Clément Leriche et Robin Morgand, étudiants à IMT Atlantique (Mines-Télécom), ont présenté au Congrès 2025 une méthode de détection des anomalies pouvant faire suspecter des factures frauduleuses, basée sur des algorithmes et l’intelligence artificielle.
Pendant 6 mois, un groupe d’étudiants d’IMT Atlantique a travaillé sur la détection des fraudes aux audioprothèses, en collaboration avec le SDA. Leur analyse porte sur la période 2021-2024 et prend pour point de départ un tableau de bord interactif qui permet de visualiser les principales données du marché français (tirées du SNDS et anonymisées), région par région : répartition par âge du patient, prix moyen / appareil, part de classe I, proportion de C2S, etc. Cette base permet d’effectuer des comparaisons rapides. Les futurs ingénieurs ont ainsi établi que sur la période étudiée, un établissement type équipait des patients âgés de 73 ans, délivrait 169 appareils / an (dont 34 % de classe I) prescrits par 35 médecins (dont 65 % d’ORL), pour un CA de 223 850 euros. Sur la base de cette norme, l’analyse avance une estimation du nombre de remboursements atypiques et établit des indicateurs d’anomalies.
55,5 M€ de pertes potentielles
A l’aide d’une IA, les étudiants ont pu isoler les cas atypiques. Ce modèle, appelé Isolation Forest, analyse l’ensemble des établissements en comparant leurs indicateurs clés et détecte ceux qui s’éloignent significativement de la norme. Le processus a été enrichi d’indicateurs définis avec l’aide d’un audioprothésiste qui a identifié des schémas récurrents de fraudes potentielles :
- un délai très court entre prescription et facturation peut suggérer une ordonnance « achetée »

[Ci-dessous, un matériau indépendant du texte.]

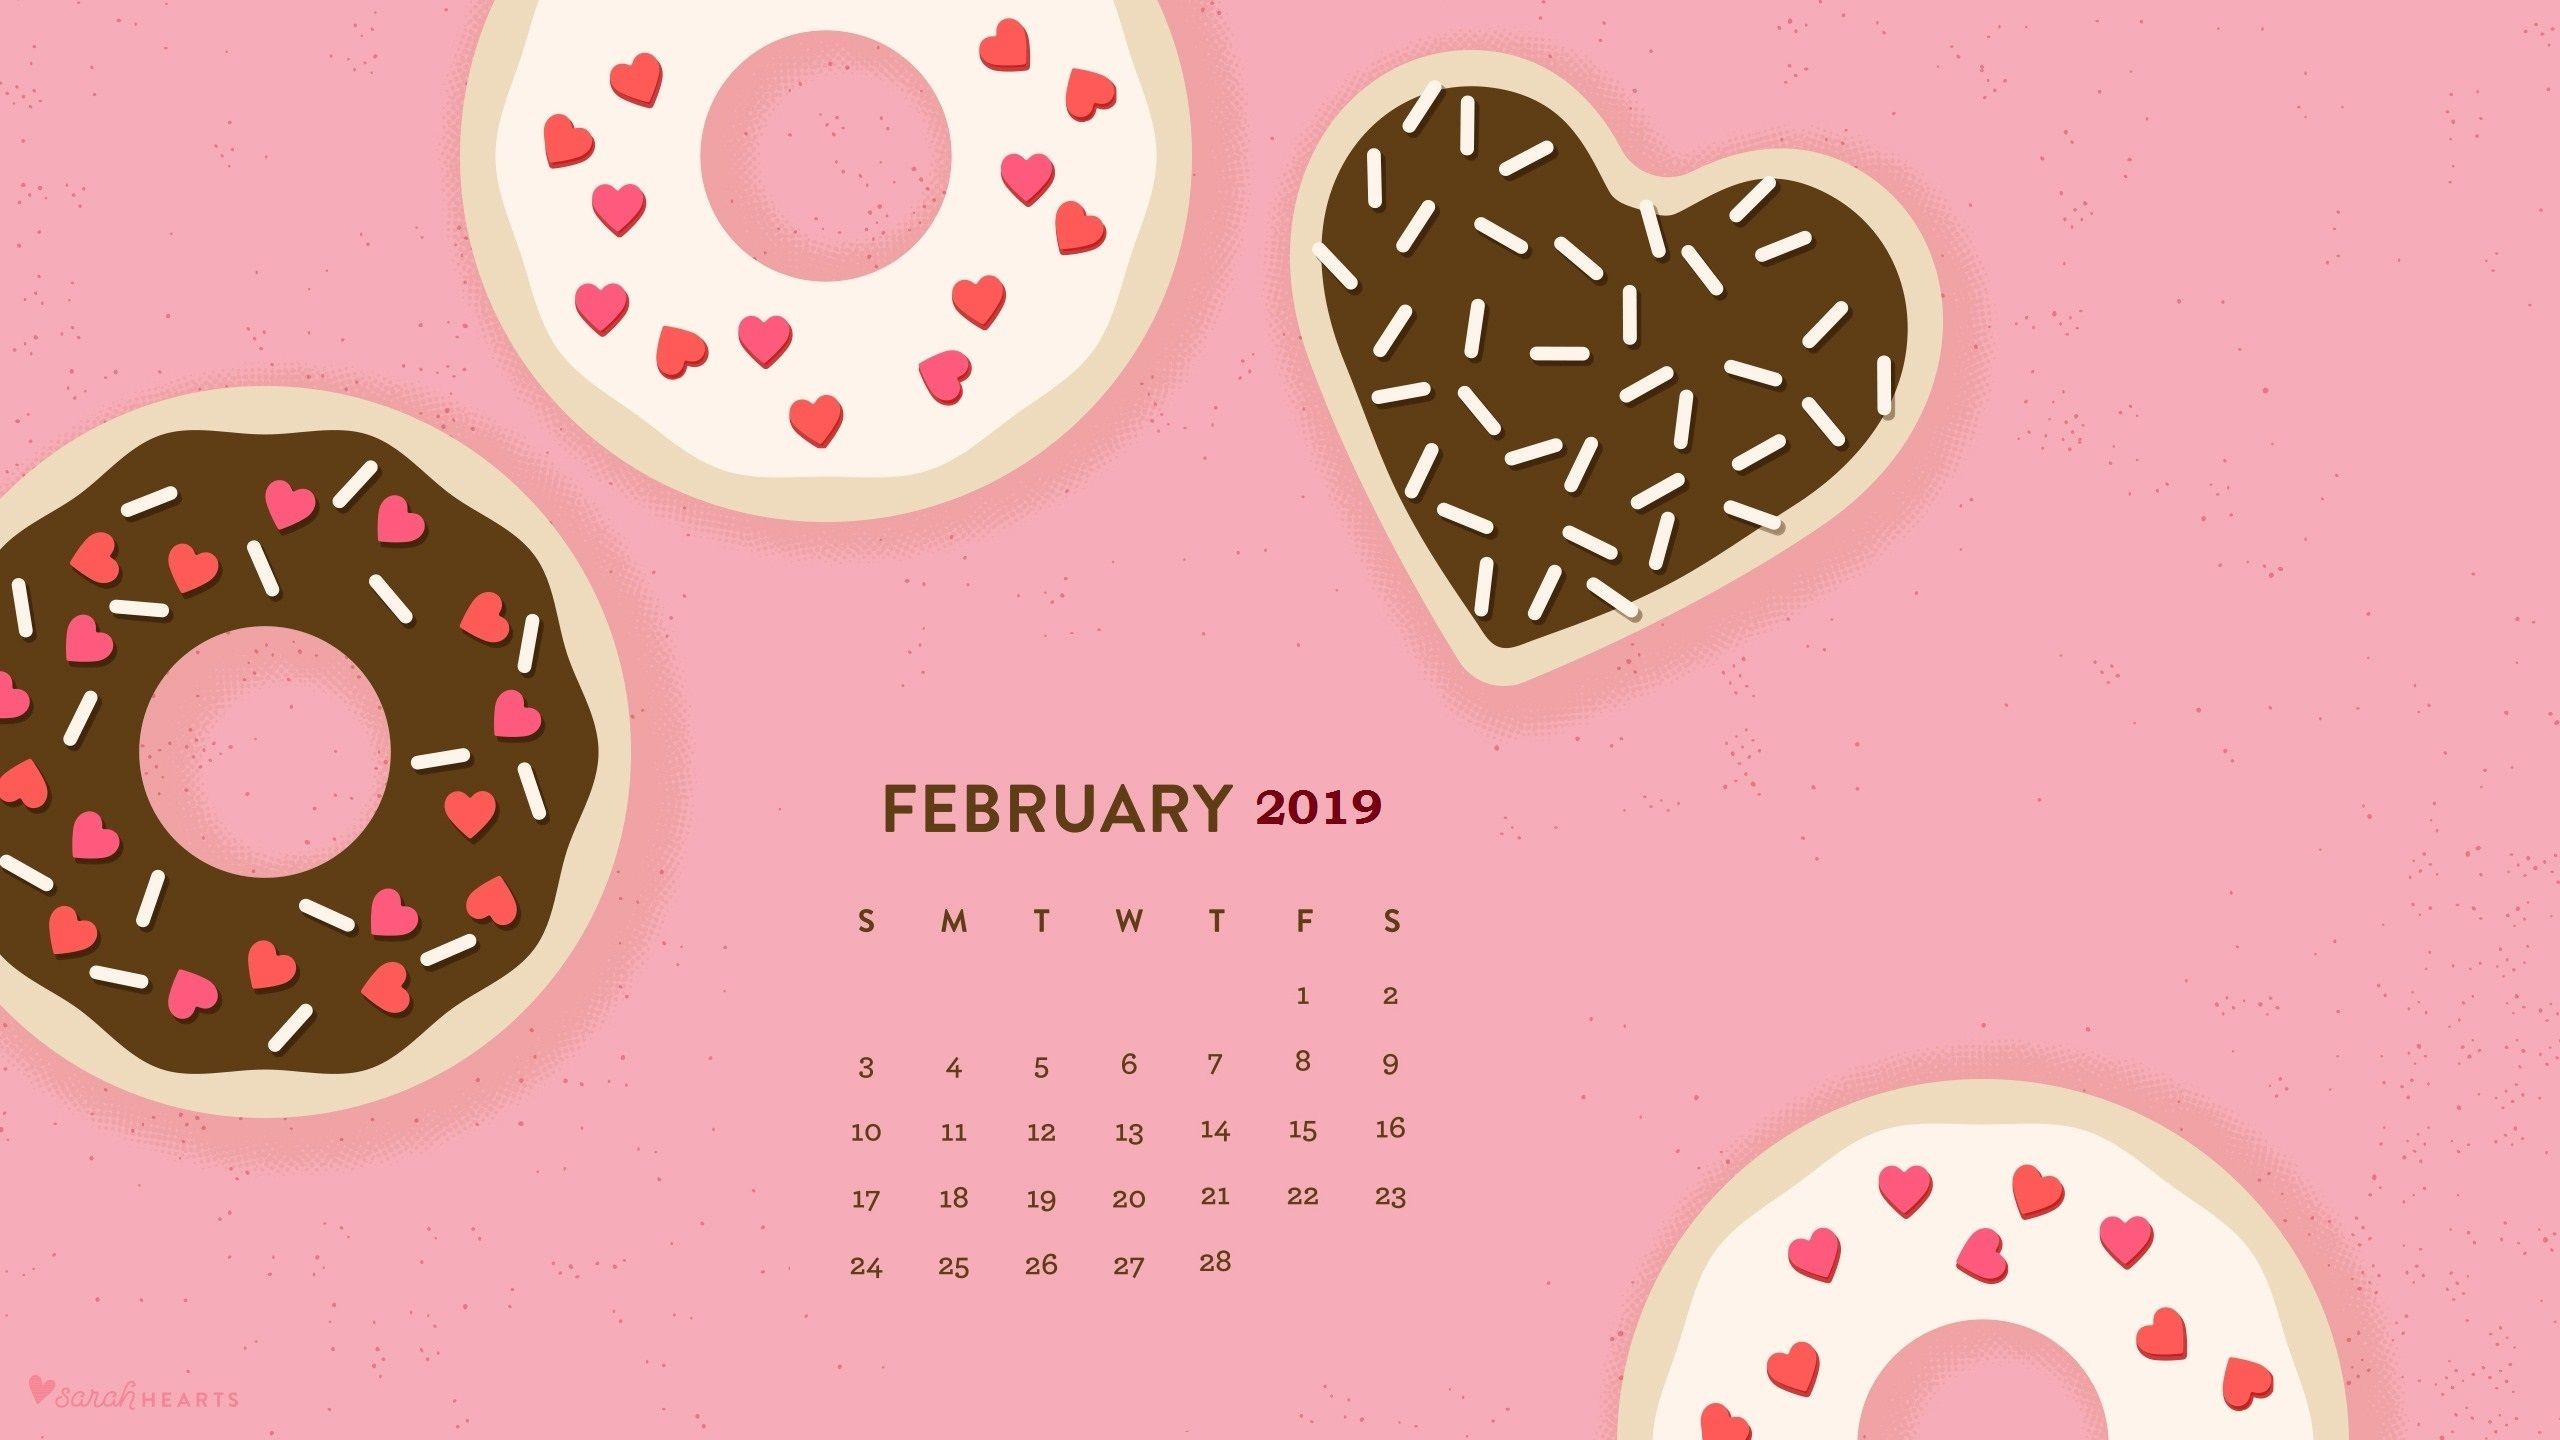 2560x1440 February 2019 Desktop Calendar Wallpaper February 2019 HD Calendar Wallpaper
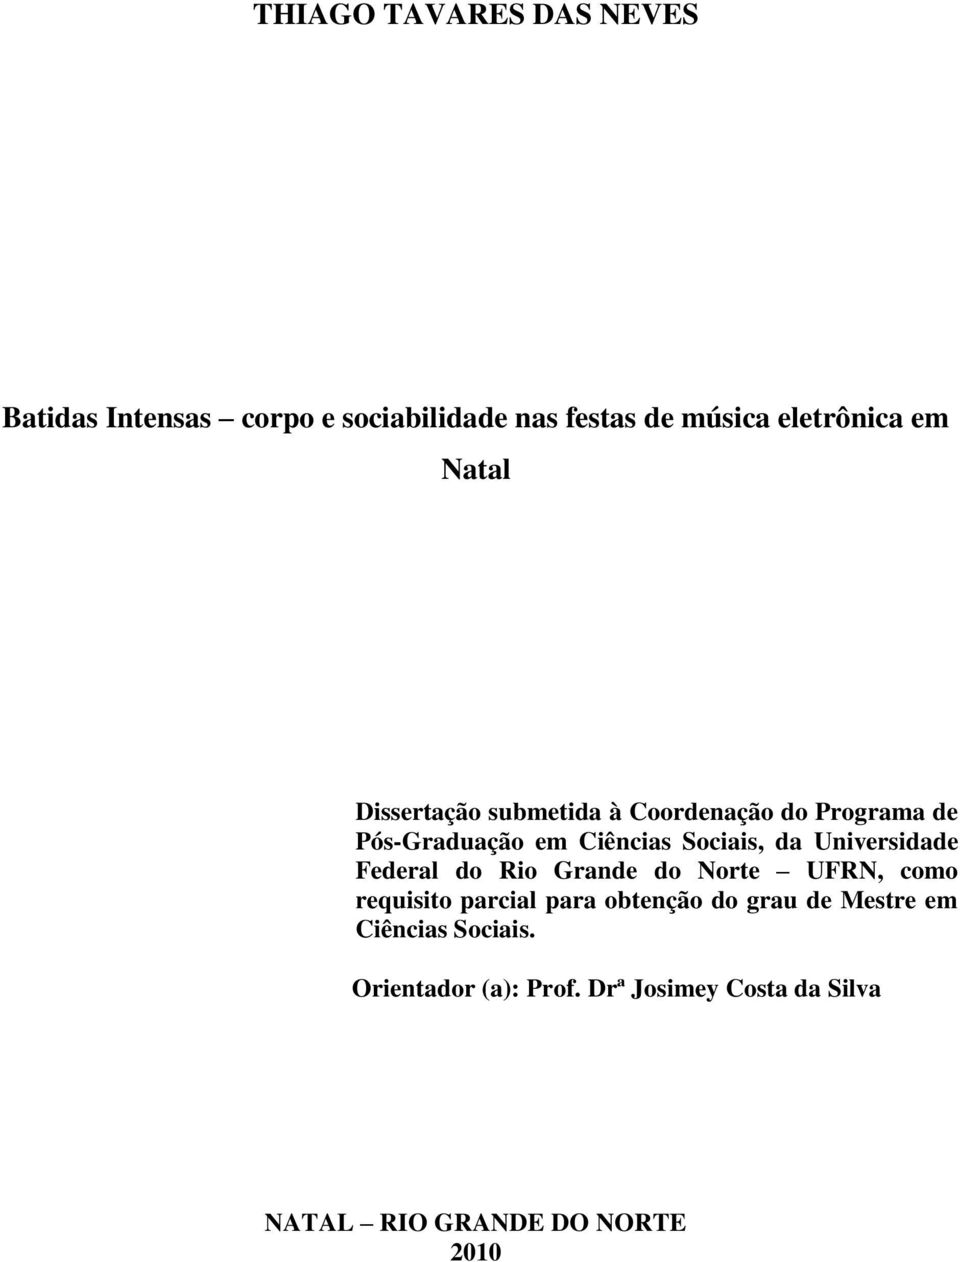 Universidade Federal do Rio Grande do Norte UFRN, como requisito parcial para obtenção do grau de

- une concentration inhabituelle de bénéficiaires éloignés de l’établissement laisse à penser que ces personnes sont appareillées à distance
- un faible pourcentage d’ORL prescripteurs peut indiquer un contournement des spécialistes
- une moyenne d’âge des patients beaucoup plus jeune que la norme peut être le signe d’un détournement d’appareils pour des assurés non éligibles
- une forte proportion de classe I peut indiquer une tentative de maximisation des remboursements sans reste à charge.
- une hausse importante du nombre de délivrances sur certaines périodes (en décalage avec la moyenne nationale ou régionale) peut signifier une fraude organisée
Sur un total de 4 774 379 transactions, des anomalies ont ainsi été décelées sur 47 742 dossiers, soit 1 % d’entre eux. L’analyse estime ainsi les pertes potentielles à 55,5 millions d’euros.
Des contrôles mieux ciblés
« Un établissement présentant des anomalies ne signifie pas forcément qu’il y a fraude », ont expliqué Clément Leriche et Robin Morgand. Les résultats doivent toujours être confrontés à l’avis d’un expert du domaine. » L’anomalie doit donc être vue comme un signal d’alerte nécessitant une vérification approfondie. L’anonymisation des données est une autre limite de cette approche qui devra être confrontée aux données nominatives des CPAM et des Ocam pour obtenir des résultats qualifiés. A terme, cette méthode pourrait être appliquée dans le cadre de contrôles en amont : « l’Assurance maladie pourrait mettre en place des filtres sur un certain nombre d’indicateurs et ne vérifier que les feuilles de soins suspectes. Cela éviterait que les audios soient tous contrôlés en permanence », a suggéré Brice Jantzem, président du SDA.
Les étudiants d’IMT Atlantique ont listé les indicateurs clés pouvant faire suspecter une fraude. Ils en ont identifié une dizaine : financiers, liés aux bénéficiaires, aux types d’appareils, à la prescription ou à la géographie.